There are many ways to appraise a business, but the two most common are based on either the income stream or the underlying assets of the business. According to Schroeder, the most common approach is to take the greater value of the two. In the case of the business’ underlying assets, the number is fairly easy to come up with. With the income stream, there are normally industry standards that determine the present value of the future income stream when using the income- stream approach.
A caution with business appraisal: Most people think their business interest is worth far more than it really is, especially when they are trying to establish a selling price. On the other hand, in an adversarial situation such as a divorce or a tax situation, business owners want to set the value as low as possible.
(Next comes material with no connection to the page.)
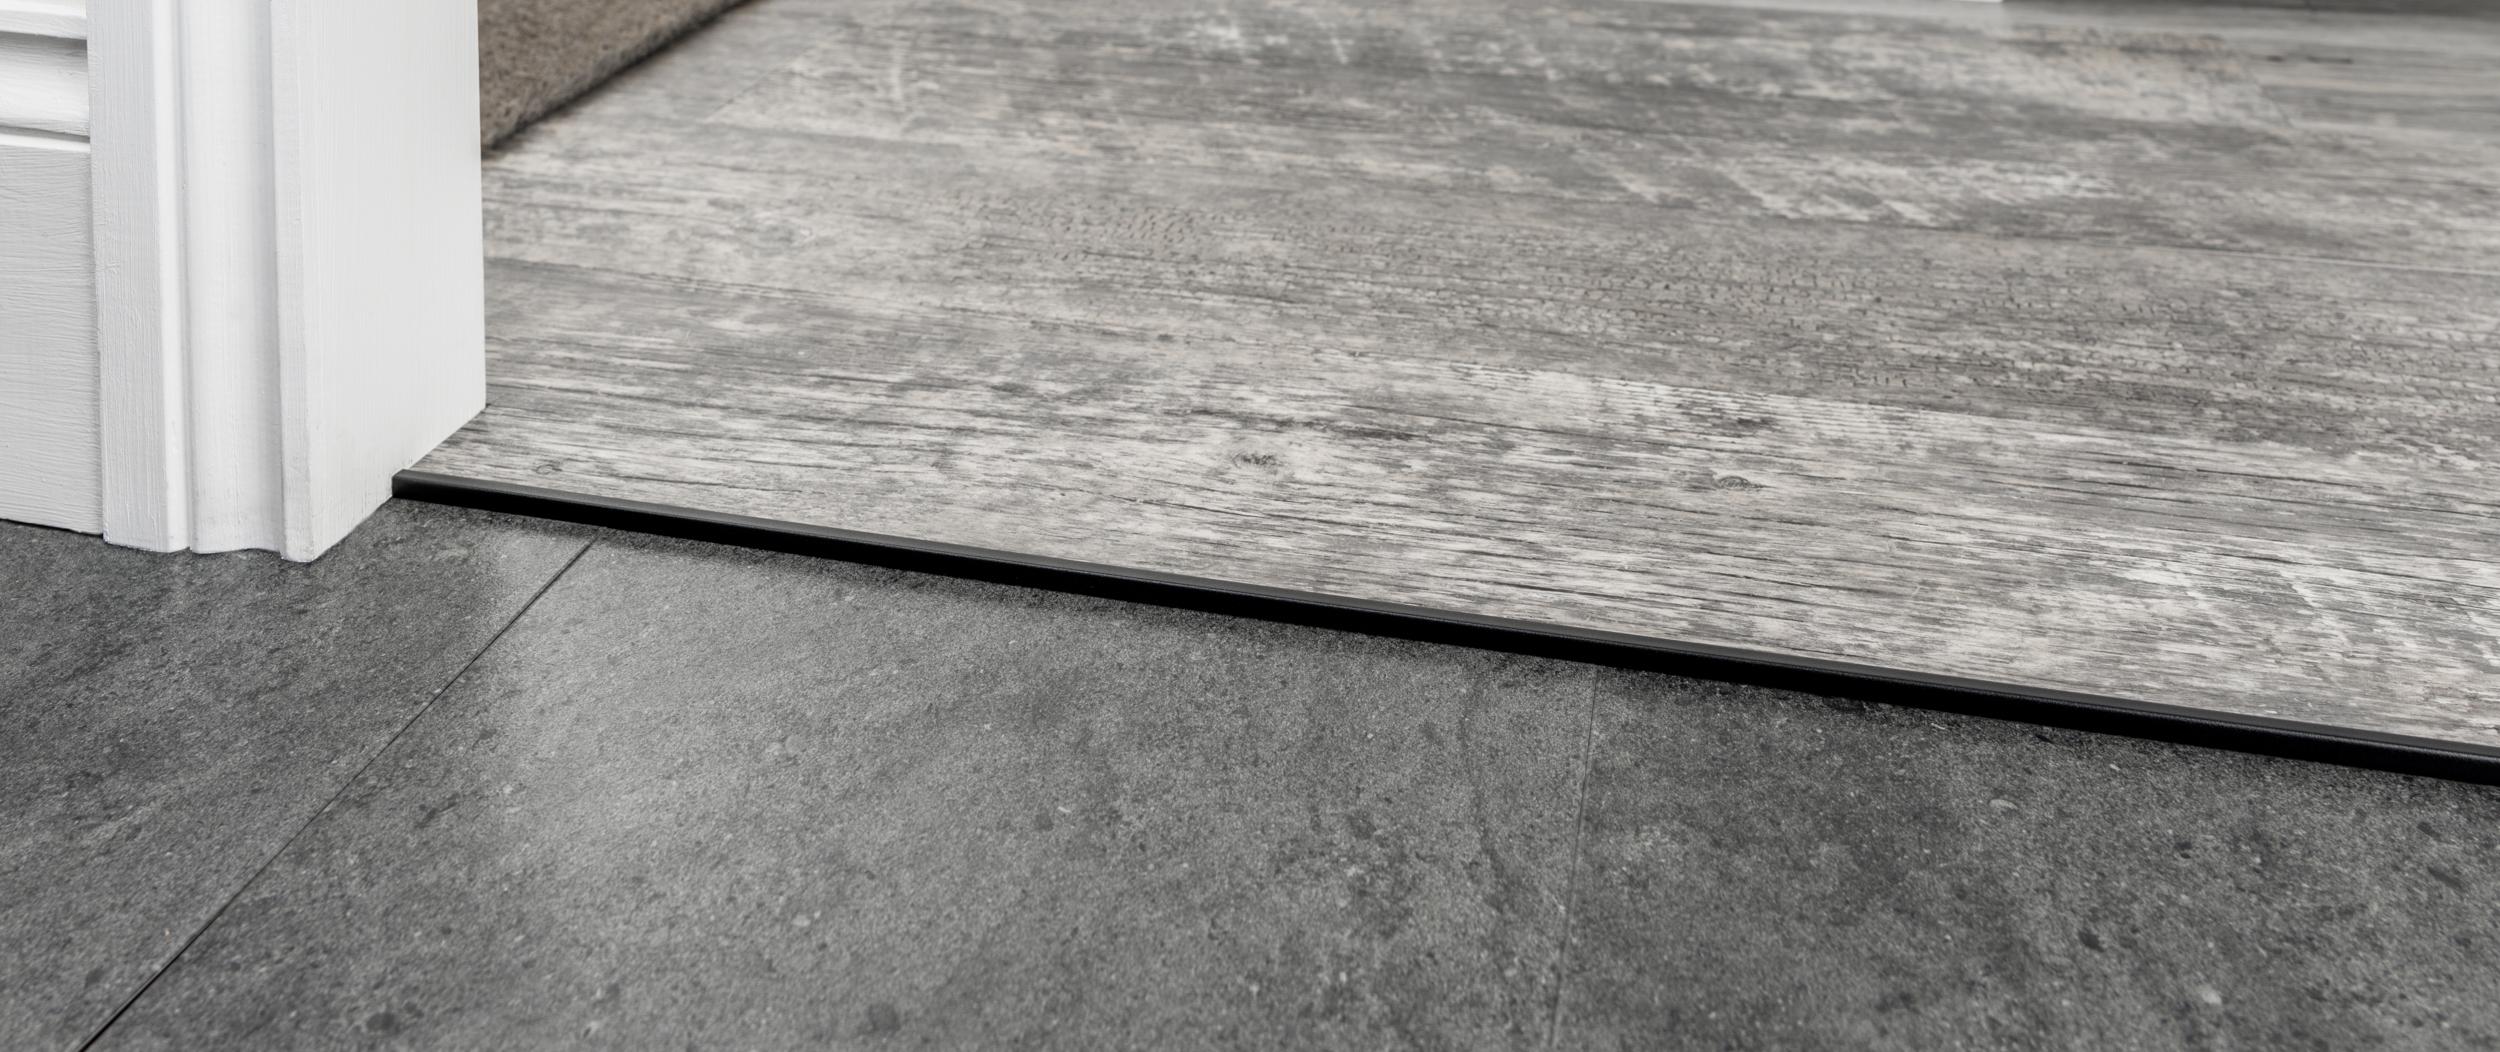 stairrods-black-square-cap-HTH.jpg

The certified appraiser is an unbiased outsider and is almost always the best choice for resolving these issues.
What are the consequences of not having a current business appraisal?
The risks are too numerous to fully cover here, but here are a few of the more serious ones:
- The business may have to be sold as part of a divorce settlement.
- The business may lose much of its value if an owner becomes disabled or wants to retire and the remaining owners can’t agree on a price for the departing owner’s interest.
- If an owner dies, the IRS may not agree with a business appraisal done for the purpose of establishing the value of the deceased owner’s interest.
- The heirs may not want, or they may not be competent to run the business interest they inherit, and the business will rapidly lose value.
Appraising a business should be a structured, planned and ongoing activity. It is far easier to draft the legal agreements and perform the appraisal when the parties who may benefit or lose out are on good terms than when they are not. In addition, appraising a business ahead of time can prevent expensive litigation, tax bills or animosity between business partners, while preserving the business, its assets and its value for future owners or heirs.